DETAILED DESCRIPTION OF THE DRAWINGS
[0041] FIGS. 1A-1E illustrate how a conventional, diamond-shaped
stent cell 10 may be provided with relief cuts of various shapes
according to the present invention. FIG. 1A illustrates a
diamond-shaped cell 10 having upper members 11 and 12 connected at
their intersection 13 and lower members 14 and 15 connected at
their intersection 16. As the stent cell 10 expands, members 12 and
15 flex or bend relative to each other at their connection point
18. Similarly, members 11 and 14 bend or flex relative to each
other about their connection point or apex 19. Connection points 18
and 19 extend along the longitudinal axis of the stent.
[0042] According to the present invention, a plurality of relief
cuts shown generally as 30 includes first and second cuts 31 and
32, each formed either in the apexes or connections between members
or at the point in which the primary amount of flexing or bending
occurs to allow the stent to expand. The relief cuts of the present
invention may also be utilized in stents which do not use a closed
cell configuration, as described below. The relief cuts 31 and 32
illustrated in FIG. 1A are arcuate cuts that extend completely
through the particular members of stent 10. Placement of one or
more of the relief cuts 31 and 32 at or near at least one designed
flexion or bending point of the particular stent configuration
allows the stent to expand in response to considerably less balloon
pressure.
[0043] FIG. 1B illustrates the same stent cell configuration as
FIG. 1A but illustrates a second form of relief cuts 35 which
include a plurality of circular cuts 36 and 37, preferably
positioned at those points of the stent design which are intended
to flex or bend to allow the stent to expand. FIG. 1C illustrates a
third embodiment wherein the relief cuts 40 are elliptical relief
cuts 41 and 42.
[0044] FIG. 1D illustrates a fourth type of relief cut 45 which
includes a plurality of triangular shaped cuts 46 and a second
plurality of triangular cuts 47. Applicant believes that, although
the triangular relief cuts would perform the intended function of
allowing the stent to expand with less balloon pressure, those are
not the preferred designs. The applicant believes the designs
having sharp corners in the relief cuts may eventually cause
cracking of the stent material as the stent expands.
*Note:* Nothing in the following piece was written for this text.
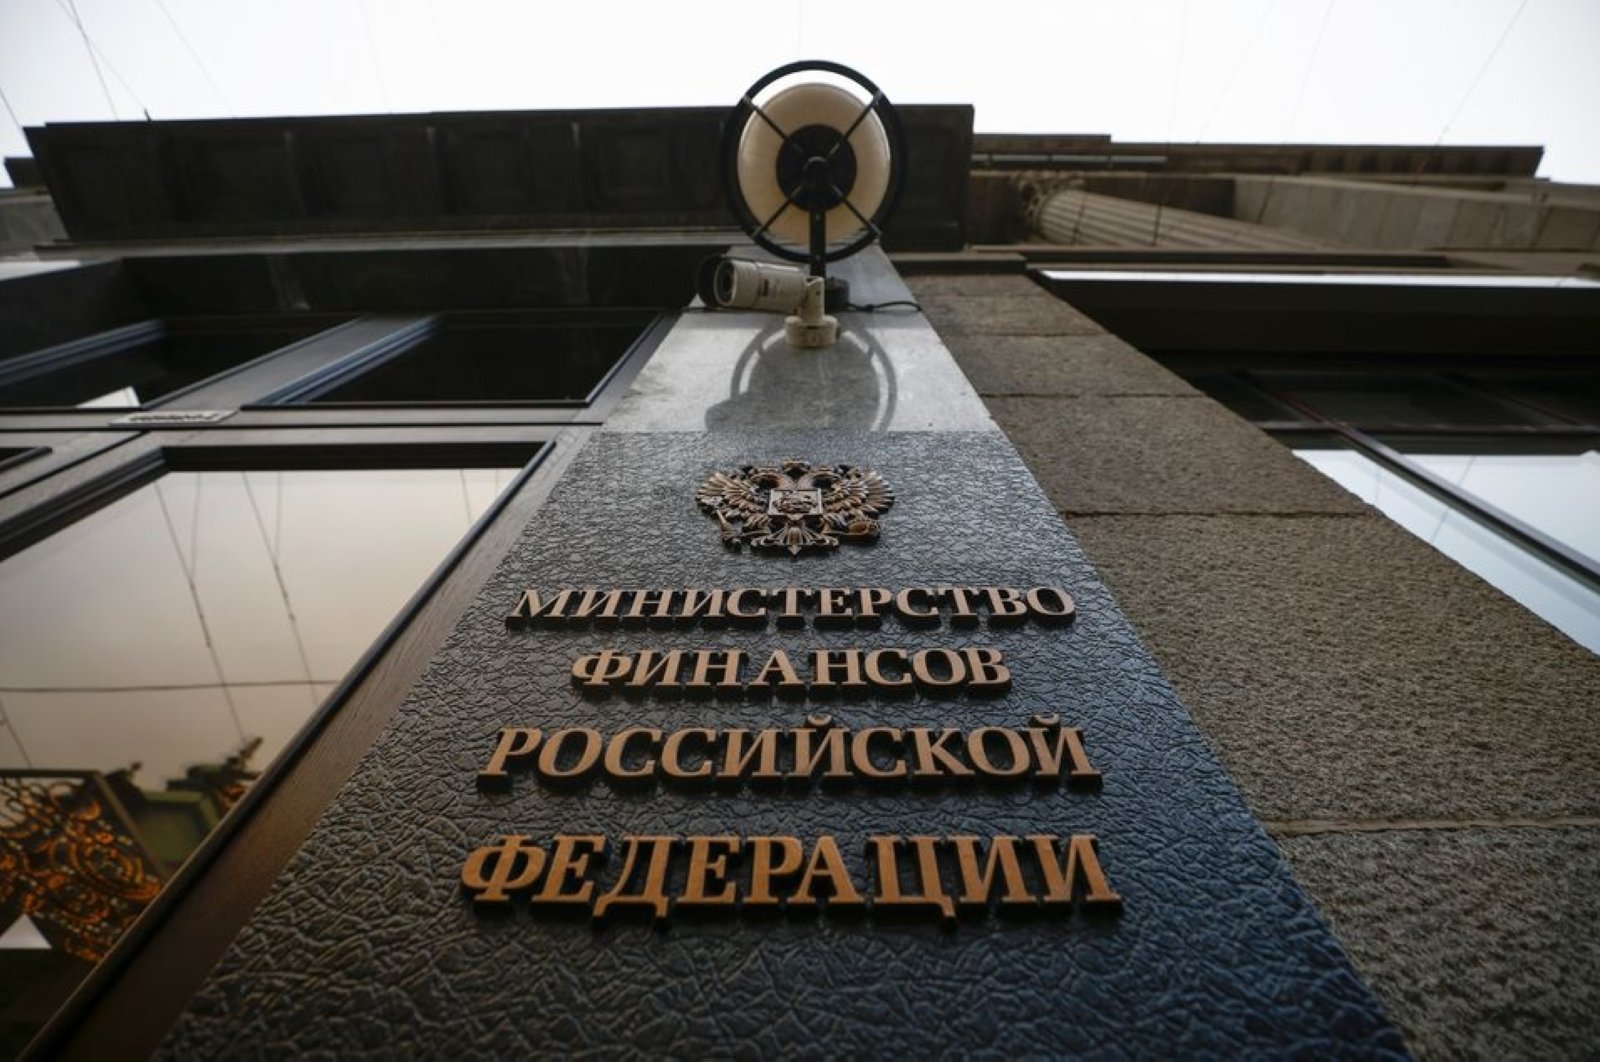 Rusia melakukan pembayaran utang, menghindari default setelah sanksi

[0045] FIG. 1E illustrates a fifth form of relief cut 50 including
a first plurality 51 and a second plurality 52 of generally
rectangular or square shaped cuts. Again, these are less preferable
than the rounded cuts illustrated in FIGS. 1A-C but, nevertheless,
are within the scope of the invention.
[0046] FIG. 2 illustrates a second stent cell configuration 110
having a "butterfly" shape including a first butterfly wing 111 and
a second butterfly wing 112. A plurality of arcuate relief cuts
131-138 are formed strategically at those places of the cell
configuration wherein maximum bending and flexing is intended to
occur between the individual members of the cell configuration 110
as the stent expands. FIG. 2 illustrates the arcuate slotted relief
cut. Alternately, the circular or elliptical relief cuts
illustrated in FIGS. 1B and 1C could be utilized in the cell
configuration shown in FIG. 2.
[0047] FIG. 3 illustrates the application of the present invention
to a third type of prior art cell configuration 150. Cell 150 is
generally a sinusoidal wall cell configuration. Relief cuts 151 are
formed between adjacent members 152 and 153. Members 152 and 153
are intended to flex or bend at their connection point 154 as the
stent cell 150 expands. Relief cuts 151, according to the present
invention, are a series of round holes placed at this region of
maximum flexion or bending to allow the stent to expand in response
to reduced balloon pressure.
[0048] FIGS. 4A-4H are intended to illustrate how the present
invention can be applied to a prior art cell configuration, and
these figures illustrate some of the significant advantages that
the present invention provides. FIGS. 4A-4C and 4H illustrate the
prior art diamond-shaped cell configuration 10 illustrated in FIG.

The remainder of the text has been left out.